‹…› тут одна природа, и воистину таков и должен быть труп человека ‹…›. Но странно, когда смотришь на этот труп измученного человека, то рождается один особенный и любопытный вопрос: если такой точно труп (а он непременно должен был быть точно такой) видели все ученики его, его главные будущие апостолы, видели женщины, ходившие за ним и стоявшие у креста, все веровавшие в него и обожавшие его, то каким образом могли они поверить, смотря на такой труп, что этот мученик воскреснет? Тут невольно приходит понятие, что если так ужасна смерть и так сильны законы природы, то как же одолеть их? ‹…› Природа мерещится при взгляде на эту картину в виде какого-то огромного, неумолимого и немого зверя, или, вернее, гораздо вернее сказать, хоть и странно, – в виде какой-нибудь громадной машины новейшего устройства, которая бессмысленно захватила, раздробила и поглотила в себя, глухо и бесчувственно, великое и бесценное существо – такое существо, которое одно стоило всей природы и всех законов ее ‹…›. Картиной этою как будто именно выражается это понятие о темной, наглой и бессмысленно-вечной силе, которой все подчинено, и передается вам невольно (Т. VIII, 339)[1217]

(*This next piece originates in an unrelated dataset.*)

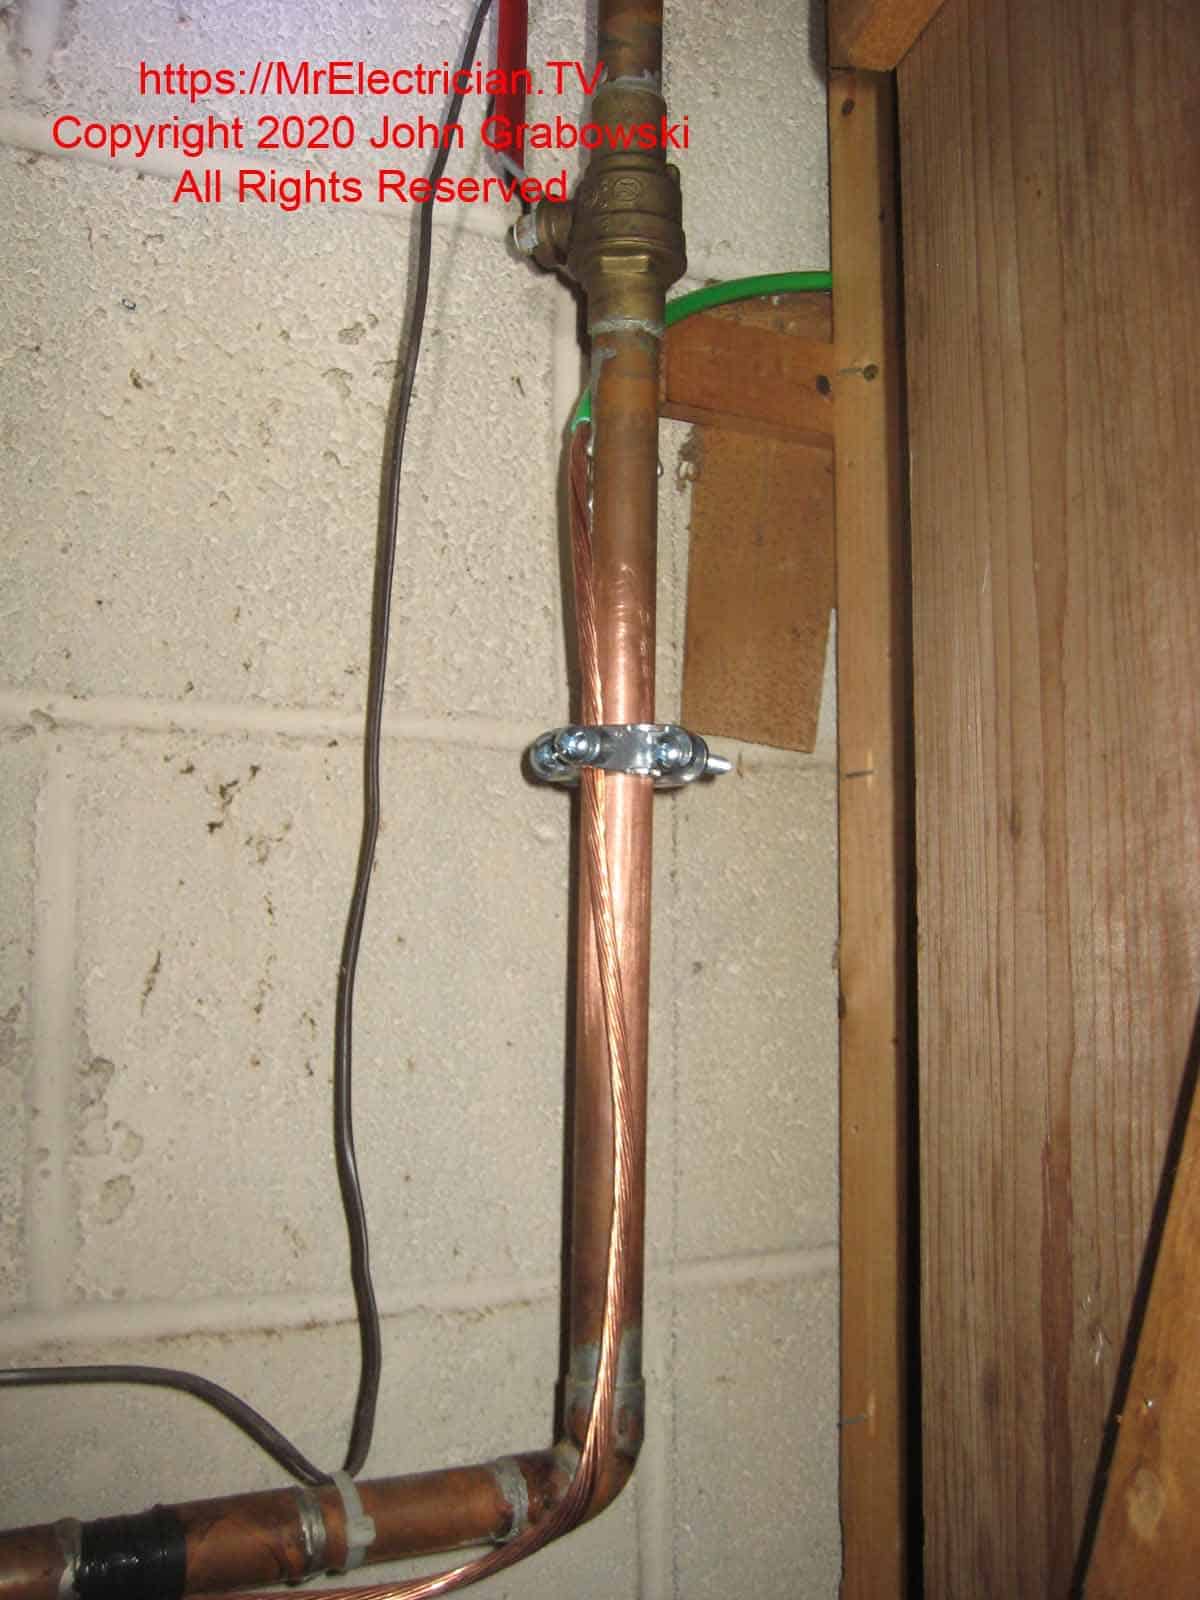 A clean copper pipe after the water meter with a new grounding clamp and a new grounding electrode conductor attached. From here, the grounding conductor goes to the main electrical panel or disconnect. CLICK HERE to see Water Pipe Ground Clamps at Amazon

.В этой рефлексии обнаруживается новый смысловой потенциал топоса «равнодушная природа». Если даже тело Богочеловека Христа подвластно железным законам безразличного механизма, надежда на воскресение и спасение оказывается обреченной. Потерянность и ужас Достоевского перед лицом беспощадного полотна Гольбейна означают не что иное, как спонтанное проявление его тщательно скрываемого в других случаях сомнения в бытии Бога. Косвенные выплески атеизма писателя красной нитью проходят через его романы в сомнениях и обмолвках его героев: Раскольникова («Да, может, и бога-то совсем нет» – «Преступление и наказание», ч. IV, гл. 4), князя Мышкина и Ипполита Терентьева (гольбейновский мотив в «Идиоте»), Кириллова («страшная свобода» – «Бесы», ч. III, гл. 6/II). Формула Кириллова «все равно» вплотную приближается к укоренившимся представлениям о семантике топоса «равнодушная природа».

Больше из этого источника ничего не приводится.